There is a definitive finality to the last words of Harry Potter and the Deathly Hallows: "All was well" (759). This is a finality that gives a positive echo to Hamlet's last words, "The rest is silence" (Hamlet V.ii), the kind of echo that comes because the journey's result and its actual process are fully finished. The purpose of our presence in Harry's world is come, and there is no reason to remain.



And yet, the Boy Who Lived lingers like a scar, indelibly marking those who traversed the 4,100 paged odyssey. The cicatrice is, like all the best always are, a double-edged souvenir; we seem to ache as much with the ending as we thrilled with the beginning. When the first humble words--written in the singular point of view of Vernon Dursley--dribble across the page, we have little to set this story apart from the rest. In fact, the series begins rather poorly, as many of the characters commence with their contribution by being stiff antitheses to Harry himself, doing little to predict the path that we will all take together. Yet, by the time the scar ceases to bother Harry, we have become fully invested, fully involved, and almost fully satisfied by where we have been and how we got to where we are.

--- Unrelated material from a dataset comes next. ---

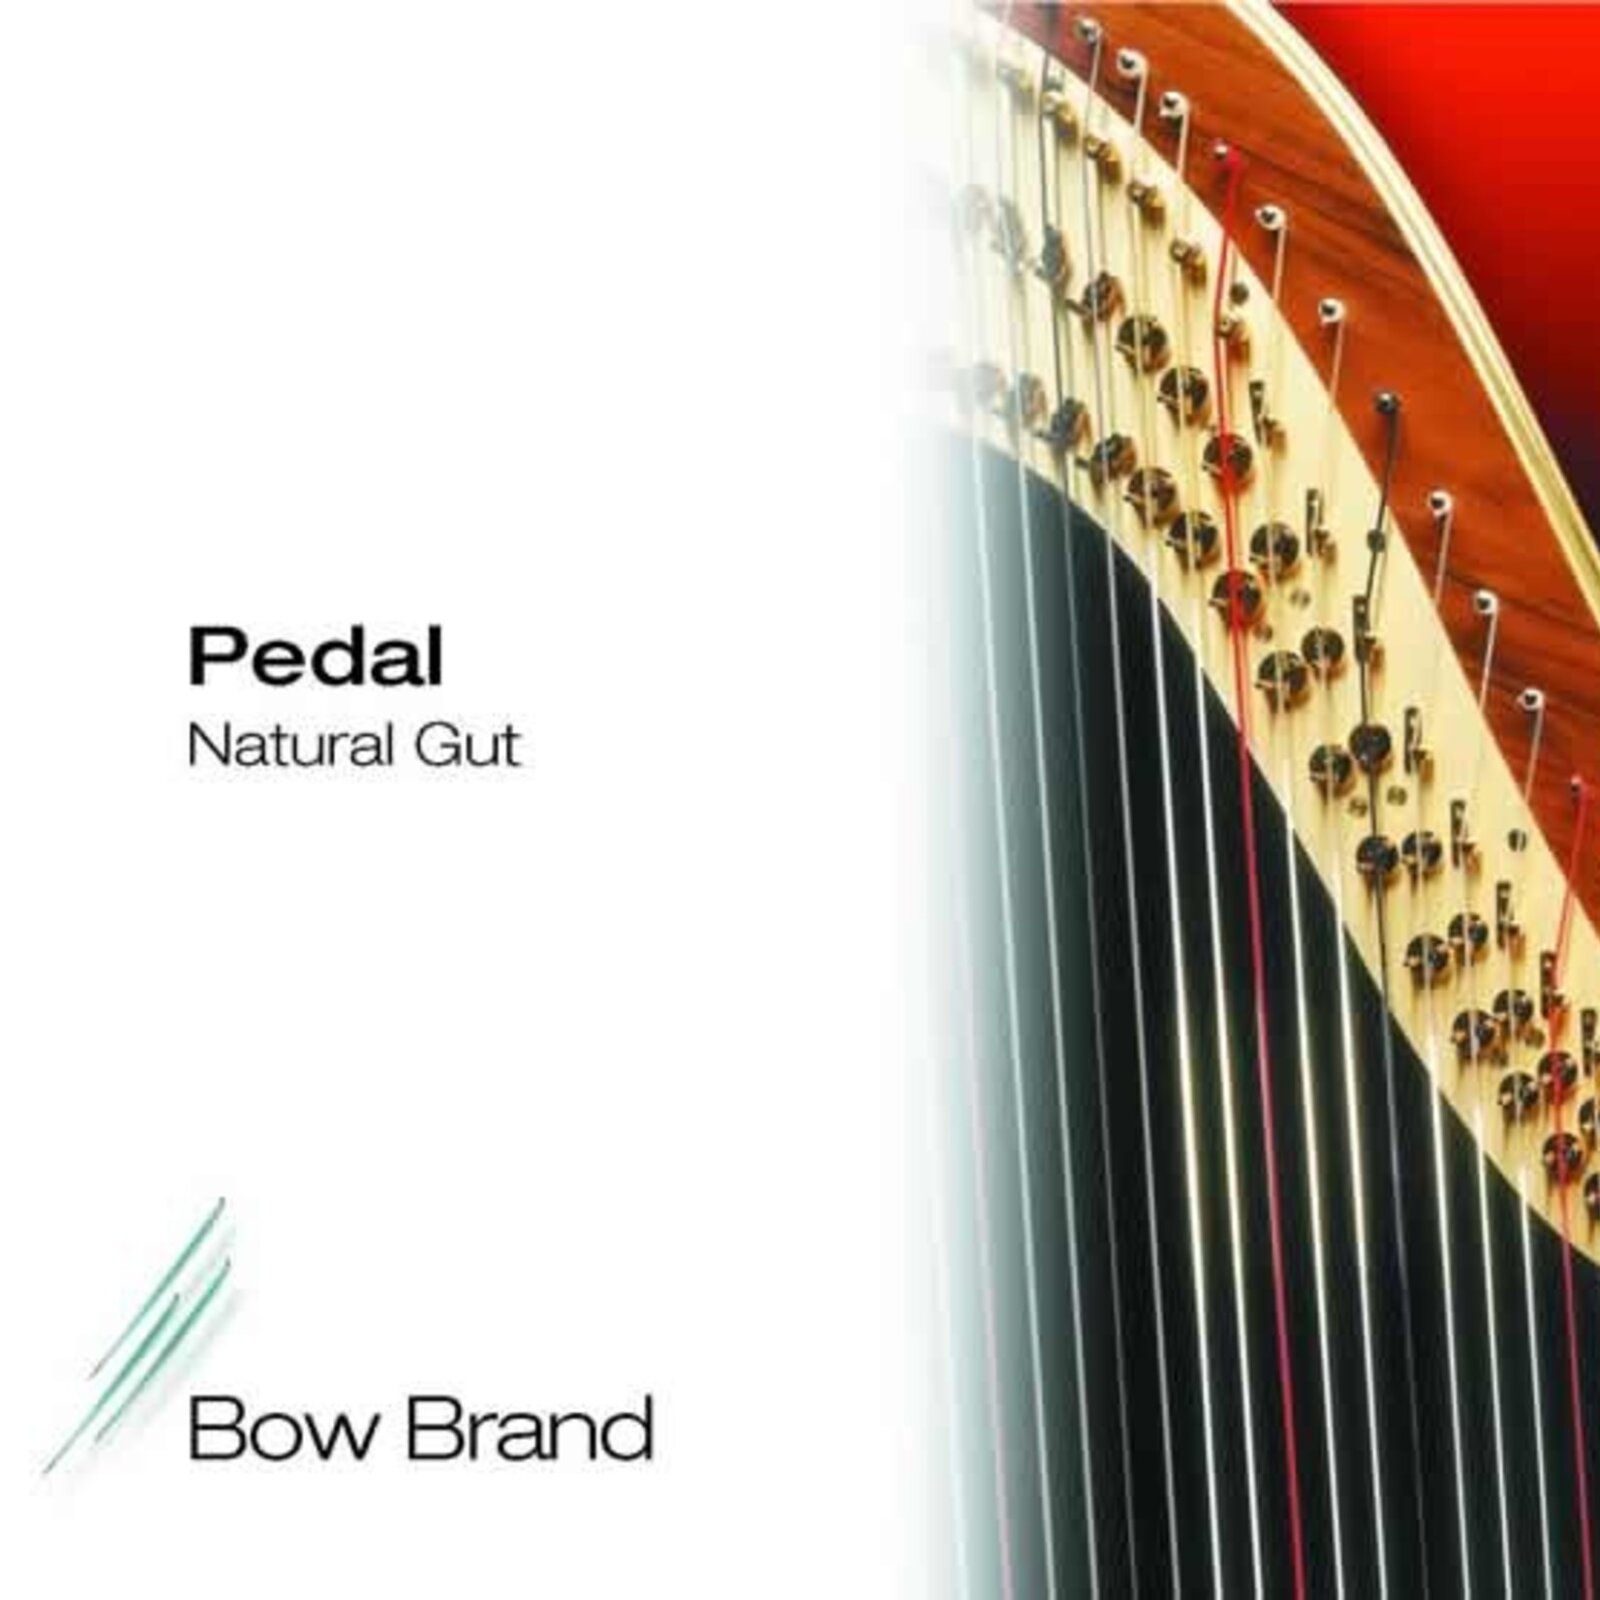 Bow Brand N 21 F 3rd octave in gut for pedal harp : photo 1

It is of the scar of Harry Potter (the book, not the character) that this essay treats, and it is a scar that is self-inflicted and external simultaneously. Harry Potter himself is in a similar state of inwardness and external extremes (though never to the extent of his superior literary creations, Falstaff, Rosalind, Huckleberry Finn, Captain Ahab, or--above them all--Hamlet), one whose external life scars him as much as the original doubts the eleven-year-old Harry puts on himself. As Harry grows--and we, along with him--the scar on his forehead becomes a link to something magical and dastardly. For us, the scar becomes the intense connection forged with the Chosen One, and, in turn, to the one who so chose him.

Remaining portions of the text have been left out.